Mesdames, Messieurs,

La sécurité, condition première de la liberté, est au cœur des attentes des Français. Ces derniers, comme en témoignent les élections européennes et législatives de 2024, expriment une exigence croissante d’ordre et de justice. Dans ce contexte, il est impératif de réaffirmer l’autorité de l’État face aux défis posés par la consommation de stupéfiants et le trafic qui s’ensuit, véritables fléaux pour la santé publique et la cohésion nationale. Le marché de la drogue alimente la haute criminalité : les vendeurs de drogues, sont les vendeurs d’êtres humains, les vendeurs d’armes et les financeurs du terrorisme.

Ces criminels tirent leurs revenus de la vente de la drogue. Les acheteurs de stupéfiant alimentent financièrement les criminels et rendent donc possibles les atteintes aux valeurs de la République.

Cette proposition de loi a pour objectif d’assécher le marché des drogues en renforçant notre arsenal pénal.

Elle vise à banaliser l’usage des amendes forfaitaires délictuelles (AFD) comme outil efficace pour dissuader et sanctionner la consommation de stupéfiants. Les résultats obtenus depuis leur instauration en 2018 sont probants mais insuffisants.

Cette proposition de loi permet aux policiers municipaux et gardes champêtres, en sus de la police nationale et de la gendarmerie, de prononcer des amendes forfaitaires délictuelles pour usage de stupéfiant. En outre, le texte rend automatique l’inscription de l’amende forfaitaire délictuelle au casier judiciaire (B2) du délinquant. Pour les délinquants qui assument des missions qui exigent un extrait de casier judiciaire vierge, l’employeur vérifie la compatibilité de la mission confiée et la consommation de stupéfiant.
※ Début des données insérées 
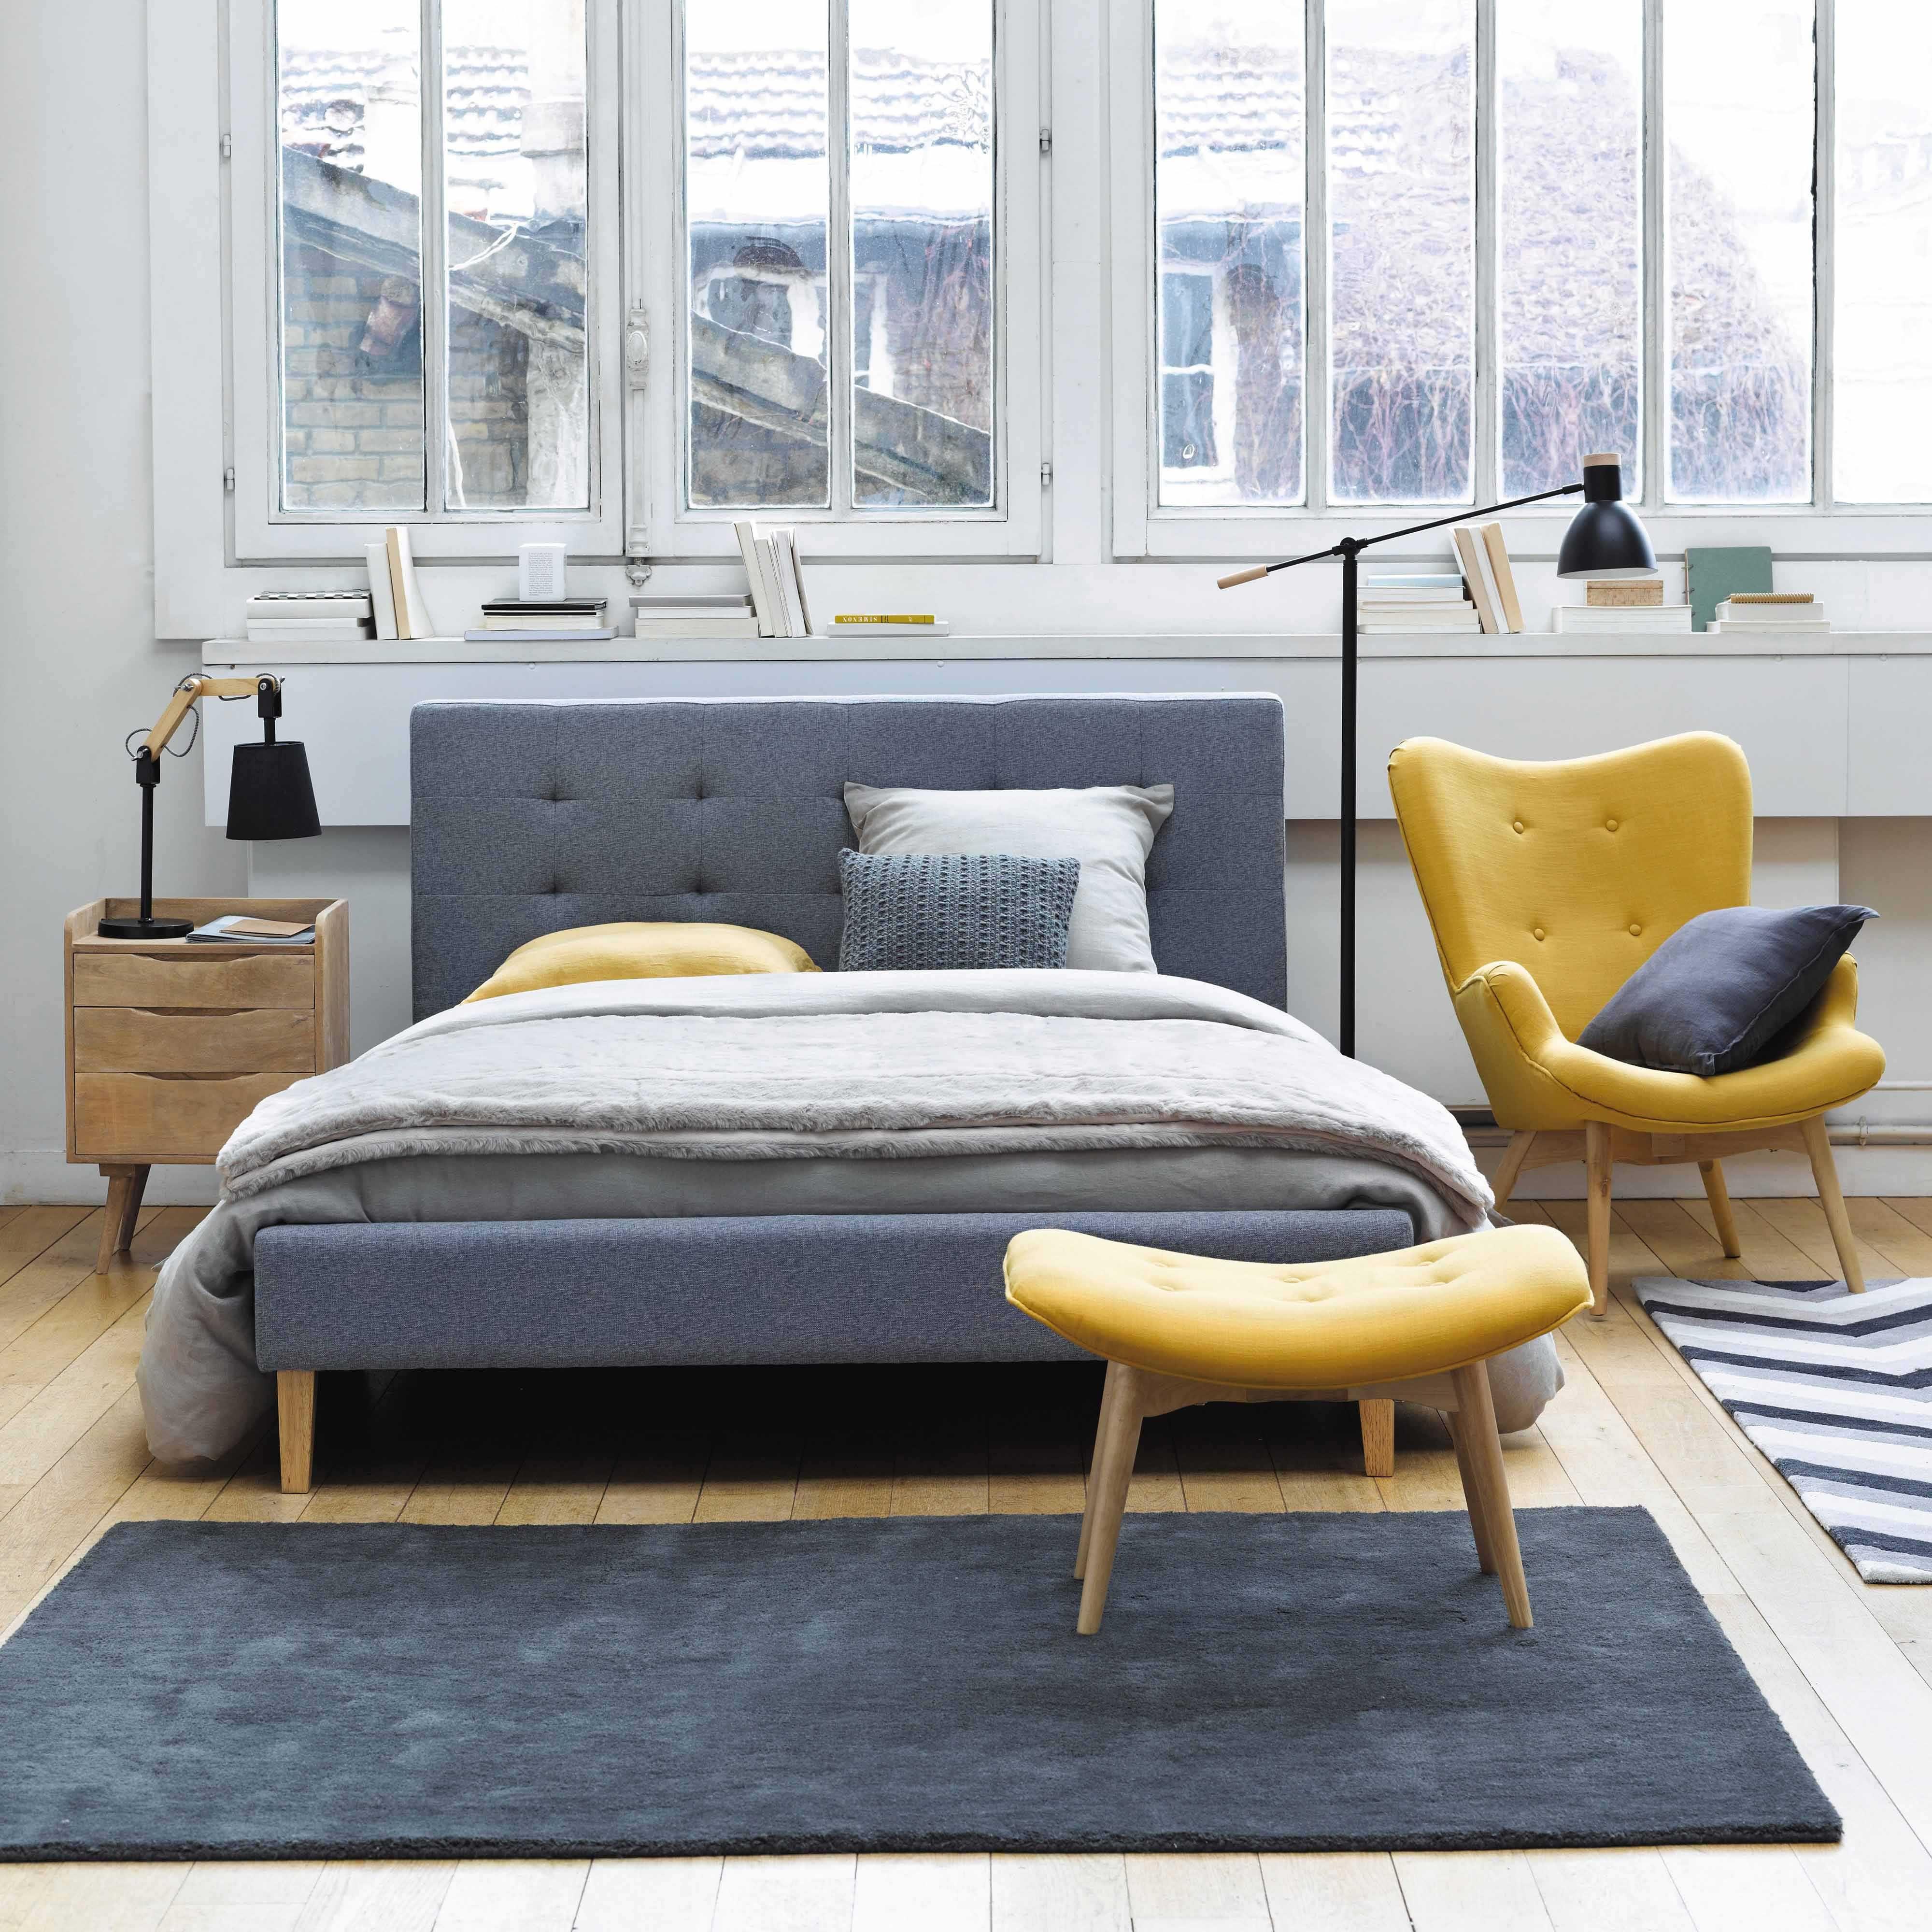 Fauteuil scandinave jaune | Maison du monde, Tissu jaune et Pie

L’amende est recouvrée sur toutes les ressources du délinquant, nul ne peut s’y soustraire quelle que soit l’origine de ses ressources, prestations sociales comprises.
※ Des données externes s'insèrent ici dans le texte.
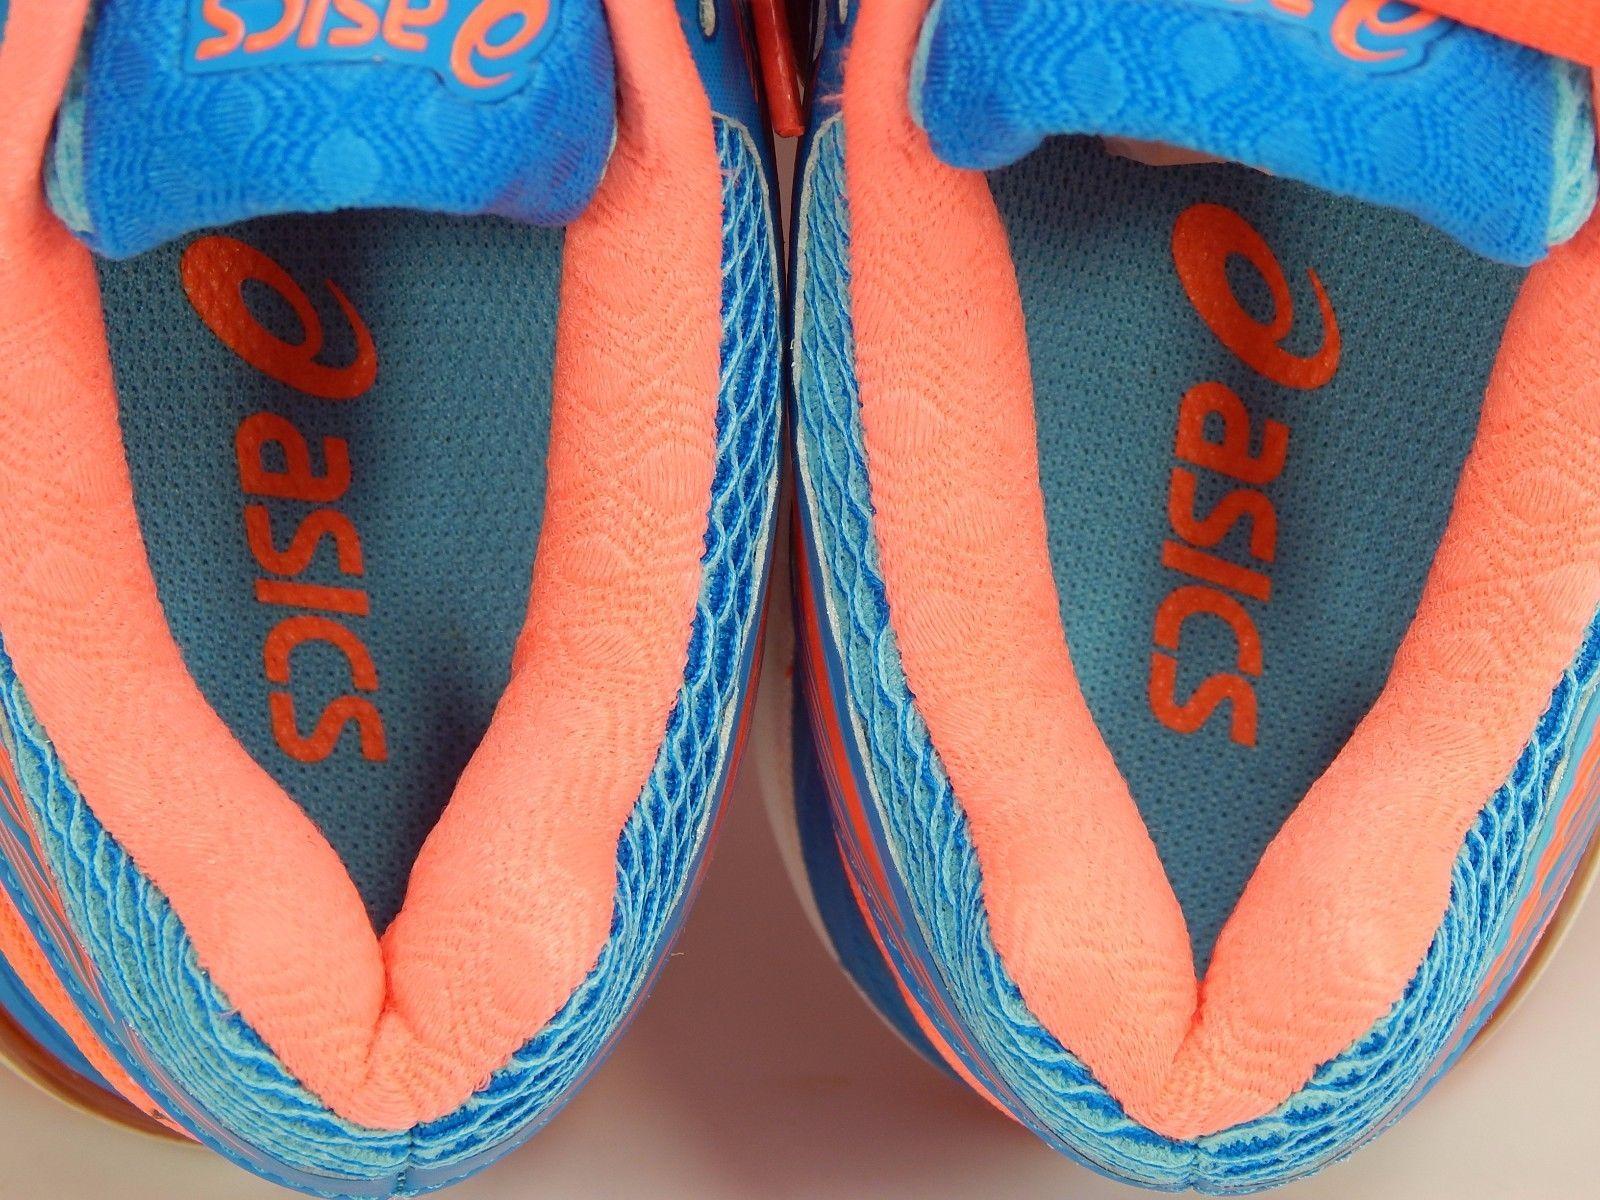 Asics Gel Cumulus 18 Women's Running Shoes Size US 7 M (B) EU 38 Blue T6C8N

Cette proposition de loi poursuit l’objectif de restaurer l’égalité devant la loi. Nul ne doit se soustraire au paiement d’une amende pénale en raison de l’origine de ses ressources.
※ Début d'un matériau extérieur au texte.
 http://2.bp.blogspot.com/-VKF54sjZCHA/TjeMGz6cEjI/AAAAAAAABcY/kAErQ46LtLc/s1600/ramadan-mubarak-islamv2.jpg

Ce texte est un signal fort : la République protège et punit avec la même exigence. L’ordre républicain n’est pas une option, mais une nécessité.

L’article 1er prévoit d’élargir le champ d’application de l’amende forfaitaire délictuelle aux jeunes âgés de plus de 16 ans qui commettent le délit d’usage de stupéfiants et précise que les amendes forfaitaires doivent être acquittées par les personnes exerçant l’autorité parentale. L’objectif est ici de responsabiliser les parents.

L’article 2 prévoit de rendre saisissables toutes les ressources pour acquitter le paiement des amendes forfaitaires délictuelles.

L’article 3 prévoit de supprimer la possibilité de minorer le montant de l’amende forfaitaire délictuelle en cas de paiement immédiat. Les auteurs de la proposition de loi s’interrogent sur le signal envoyé aux consommateurs, en particulier dans les quartiers les plus aisés et donc susceptibles de s’acquitter directement du montant de l’amende. Ils souhaitent que le montant minimal de l’amende soit de 300 euros.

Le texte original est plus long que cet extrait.